These jokes for kids are all age-appropriate for primary-aged children. Feel free to share with even younger children, but be aware that they may not understand some of the humor. Also, feel free to use special “Santa” voices and use your tickle fingers to get the laughs rolling.   

1. Why was the Christmas tree so bad at knitting? It kept dropping its needles!

2. What do elves use to take notes in school? Their elf-abet.

3. Why was Santa’s helper looking sad? He had low elf-esteem.

4. What do snowmen eat for breakfast? Frosted flakes.

5. Why did Santa go to music school? So he could improve his wrapping skills.

6. How does a snowman get around? By riding an “icicle.”

7. Why did the Christmas tree's girlfriend break up with him? Because he kept getting too sappy.

8. What do you call a cat on the beach during Christmas? Sandy Claws.

9. What do you call a Yeti with a six-pack? An abdominal snowman.

10. Why did the gingerbread man get kicked out of the party? Because he was acting like a smart cookie.

11. Why is it always cold during Christmas? Because it’s Decembrrr.

12. What do you get when you cross a snowman and a dog? Frostbite.

13. What did one Christmas light say to the other? “You light up my life.”

14. What is Santa’s favorite subject in school? Chemistry—he loves experimenting with Ho-Ho-Ho-xygen!

15. What do you call Santa when he takes a break? Santa Pause.

16. Why can’t snowmen play soccer? They always melt in the heat of the match.

17. What do you call an elf that spits sick bars? A wrapper.

18. Why did Rudolph flunk school? Because he went down in history!

19. What’s a snowman’s favorite drink? Ice tea.

20. Why did the Christmas cookie go to the hospital? It was feeling crummy.

21. What do reindeer say when the stand-up comedian is great? "That sleighs!"

22. Why don’t penguins like talking to strangers at Christmas? Because they find it hard to break the ice.

23. What’s a snowman’s favorite game? Freeze tag.

24. Why don’t penguins ever get into arguments at Christmas? They just let things slide.

25. Why did the snowman go to the garden? To pick his nose

26. Why did Santa put a clock in his sleigh? He wanted to see time fly.

27. What do you call a reindeer who tells jokes? Comet-dian.

28. What’s Santa’s tax status? Elf-employed.

29. What do elves use to make sandwiches? Shortbread.

30. Why don’t snowmen like the sun? It gives them a meltdown.

31. What did Santa say when he stubbed his toe? “Oh, toe-ho-ho!”

32. How do snowmen call their kids inside? "Come on, chill-dren!"

33. What nationality is Santa?
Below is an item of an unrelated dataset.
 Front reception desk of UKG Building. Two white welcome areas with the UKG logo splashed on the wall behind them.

North Polish

34. Why did Santa take up gardening? Because he wanted to “sow” a little holiday cheer.

35. Where does Santa stay during vacations? At the ho-ho-hotel.
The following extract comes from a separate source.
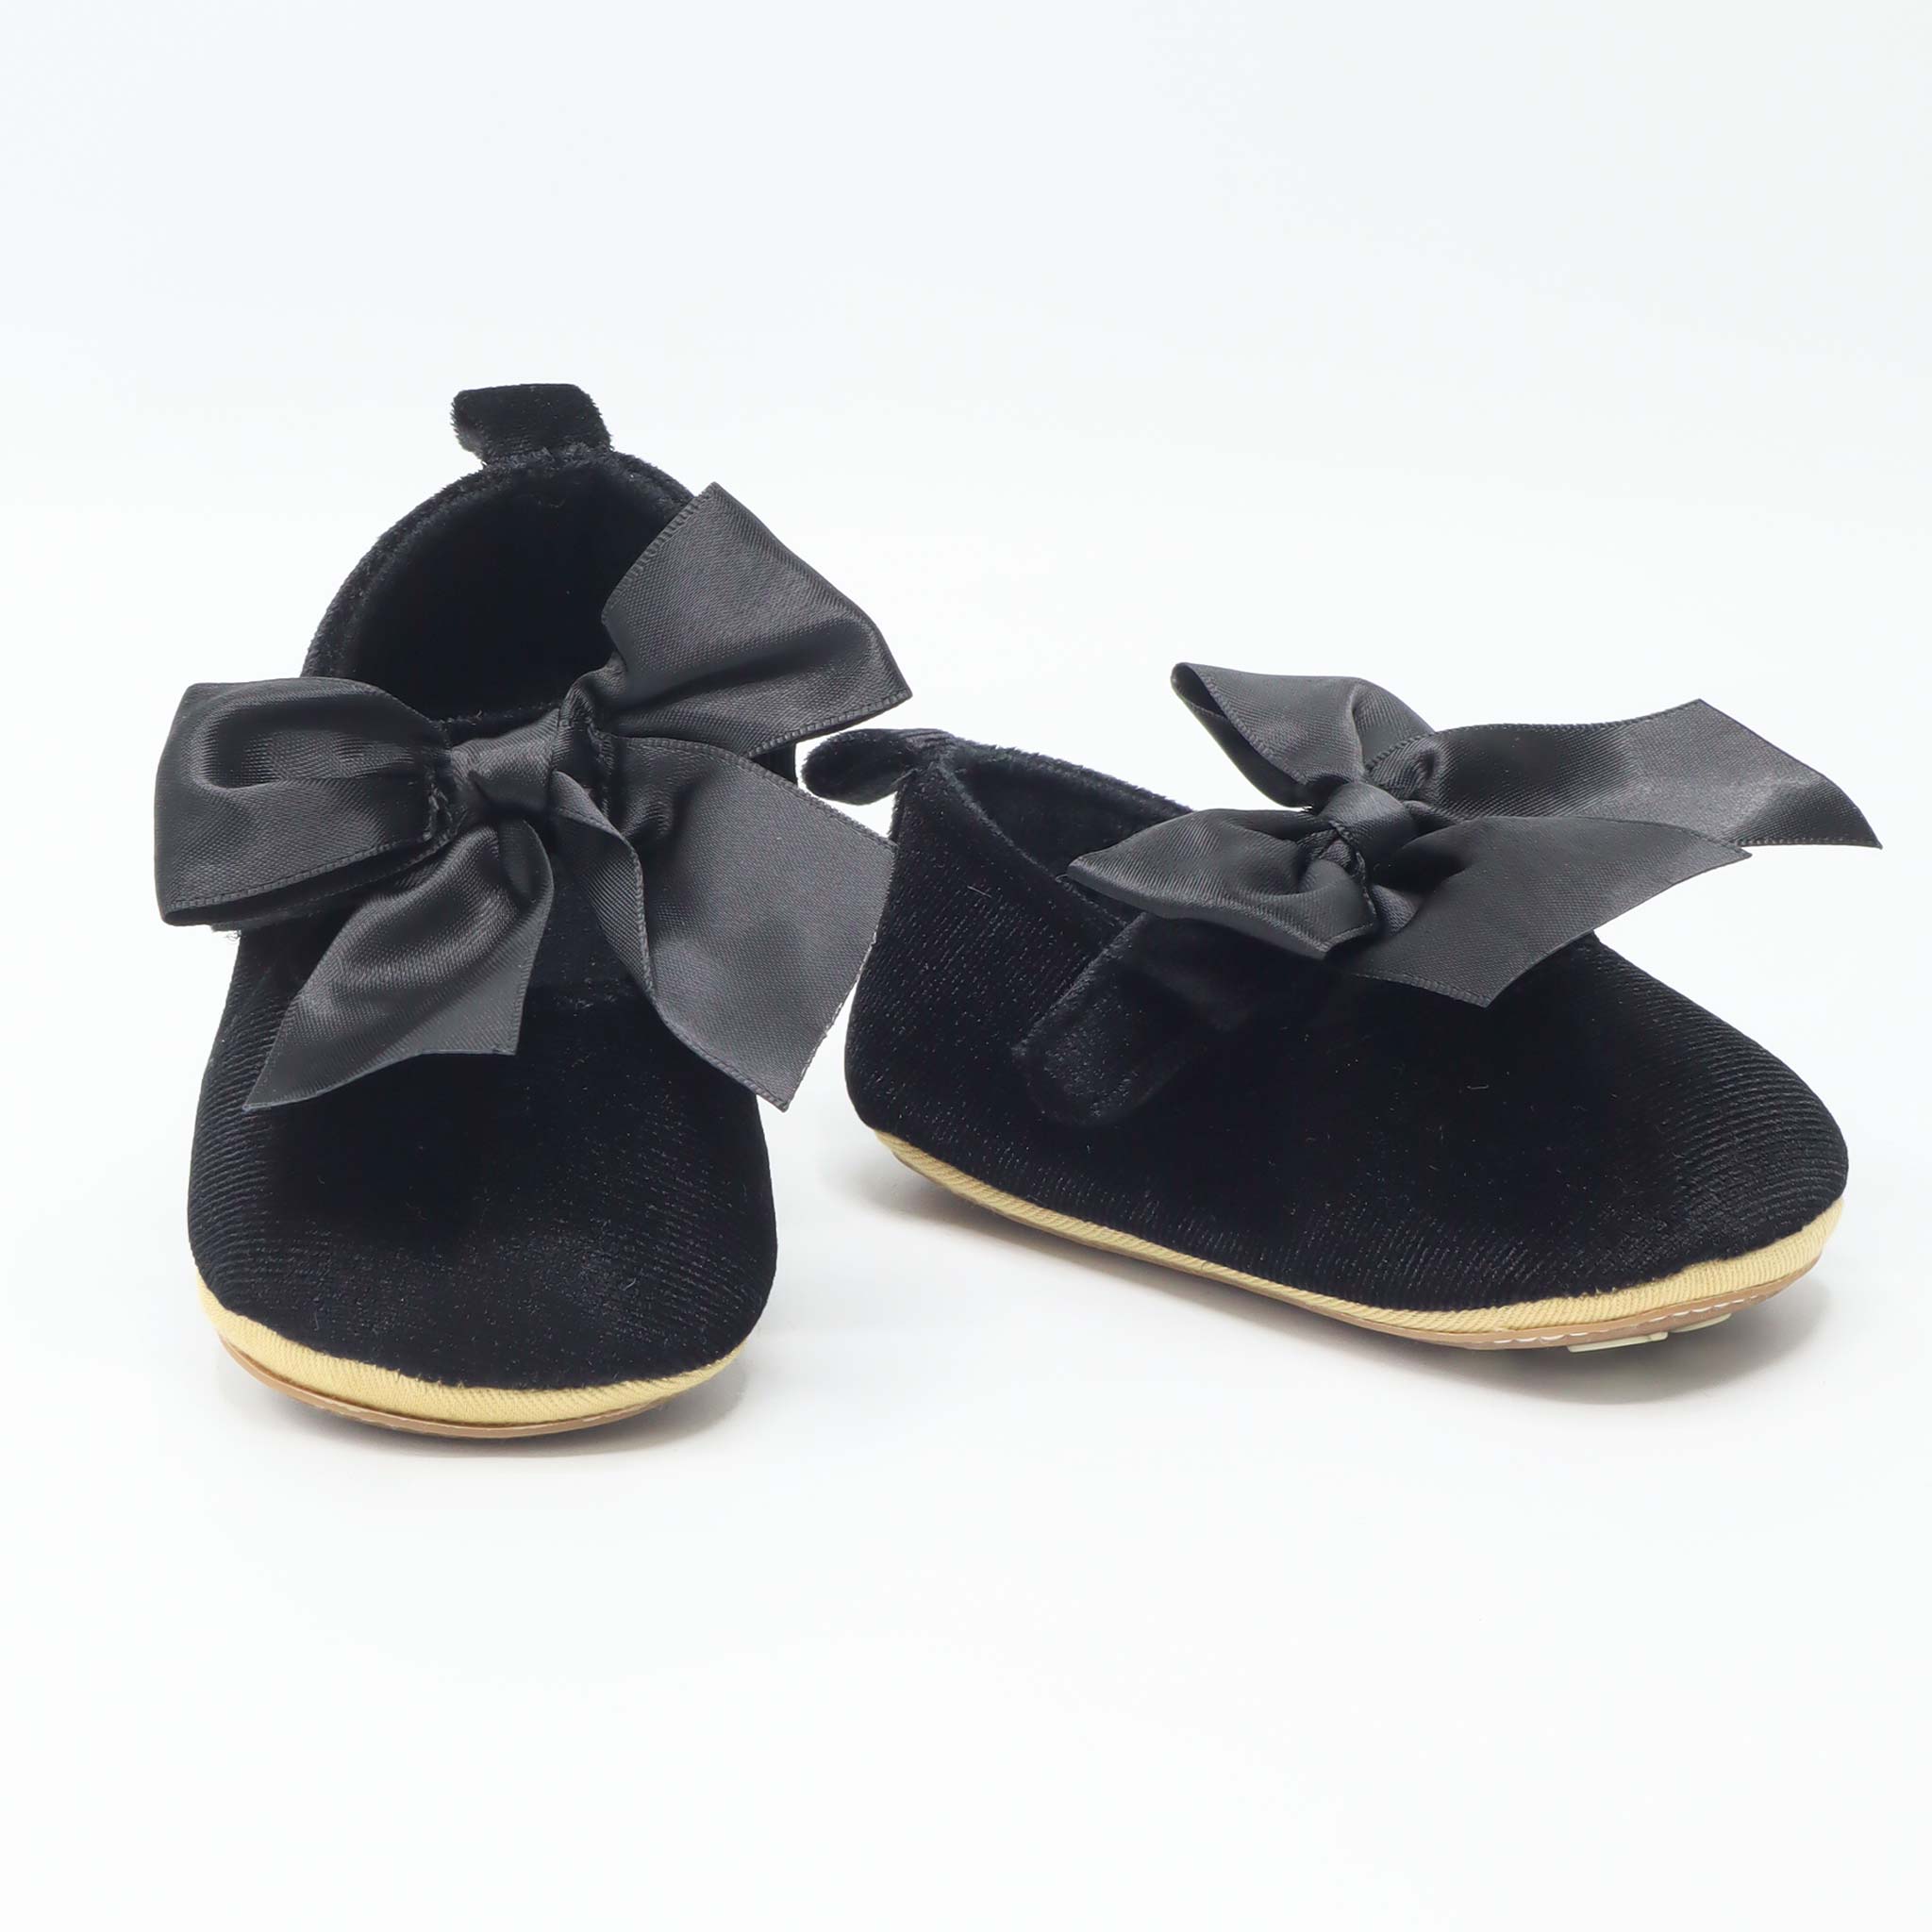 Baby Shoes Black Color with Bow

36. What do you call Santa when he gets sunburn? Krisp Kringle.

37. What do you call people who are afraid of Santa? Claus-trophobic.
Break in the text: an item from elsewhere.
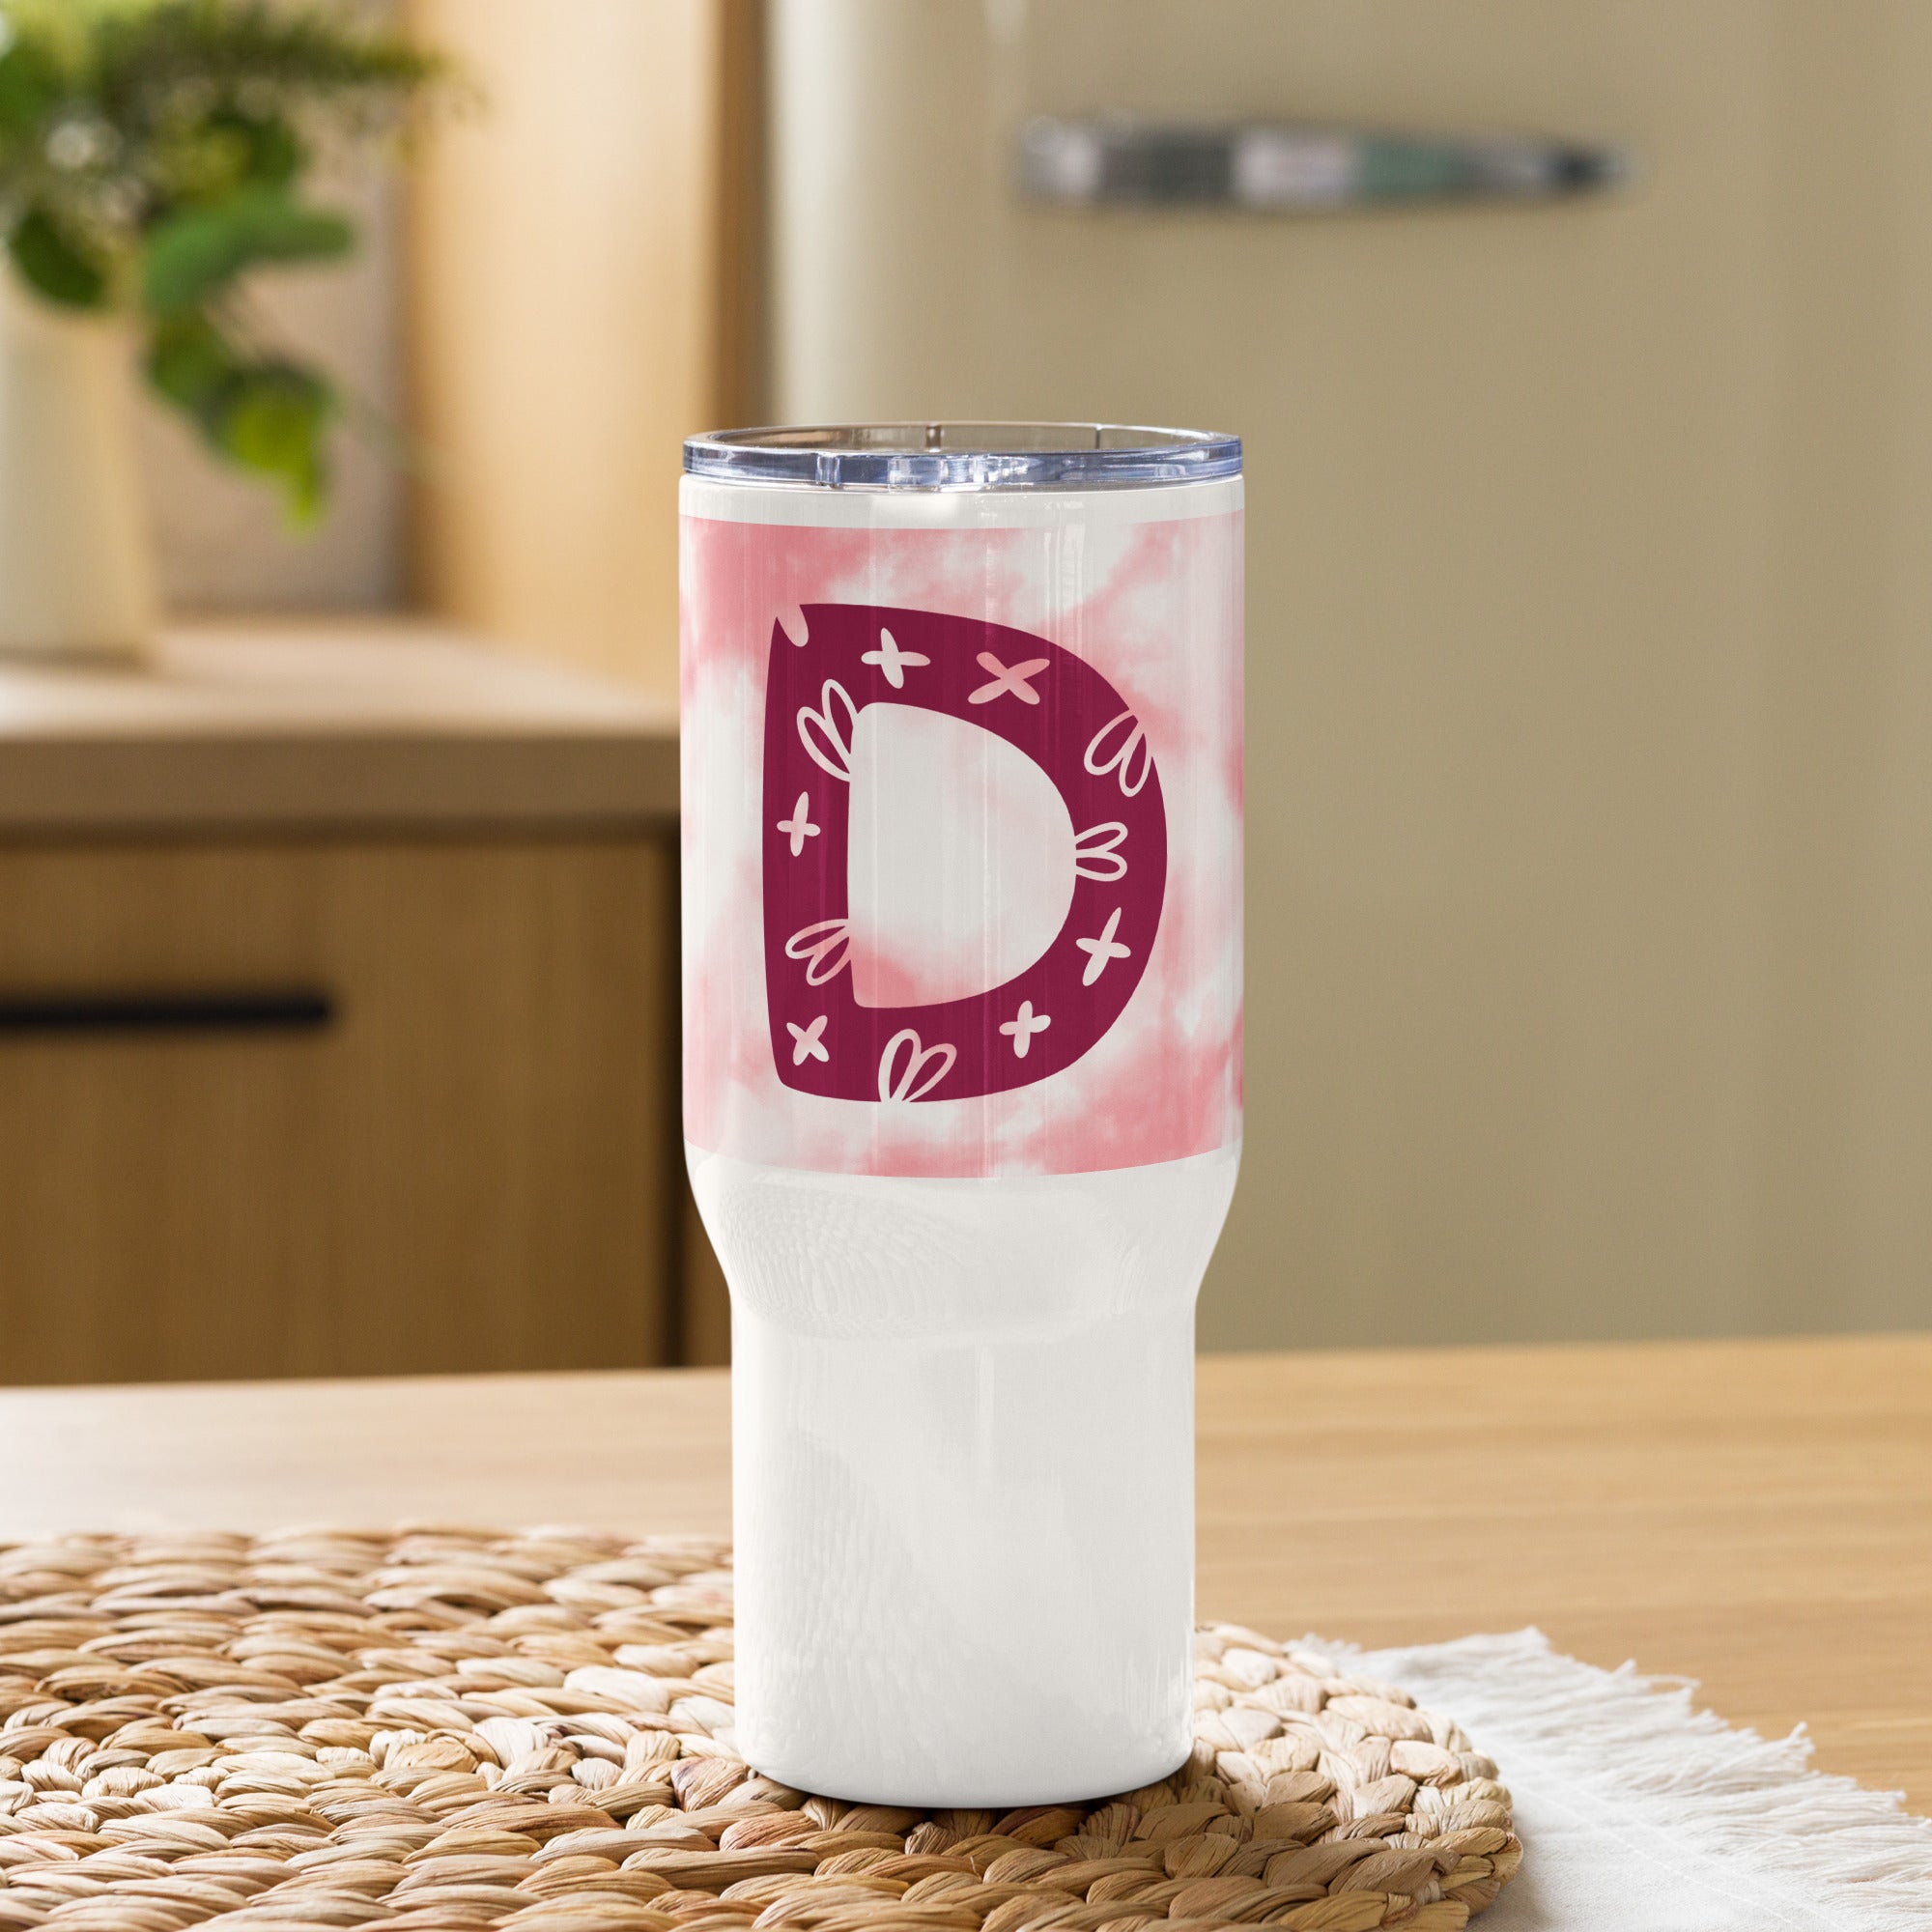 Travel mug designed with your Initial

38. What do snowmen wear on their heads? Ice caps.

39. What’s a Christmas tree’s favorite candy? Orna-mints.

40. Why did the Christmas lights read the news? They wanted to get a little more “current.”

41. How do Christmas angels greet each other? “Halo!”

Corny Christmas Dad Jokes

adults laughing in a Christmas vibe
Nothing hits home like some corny jokes for Christmas (via Freepik)

From Halloween jokes to Labor Day puns, what would any holiday be without dad jokes? You don’t have to be a dad to adore these goofy, ridiculous jokes. They all play on the corny humor style, where something is so dumb that it’s actually funny. 

42. Why does Santa go down chimneys? Because it soots him.

43. How much does Santa pay for parking? Nothing, it's on the house.

44. Why did Mrs. Claus go to the bakery? She wanted to get a little extra “dough” for Christmas.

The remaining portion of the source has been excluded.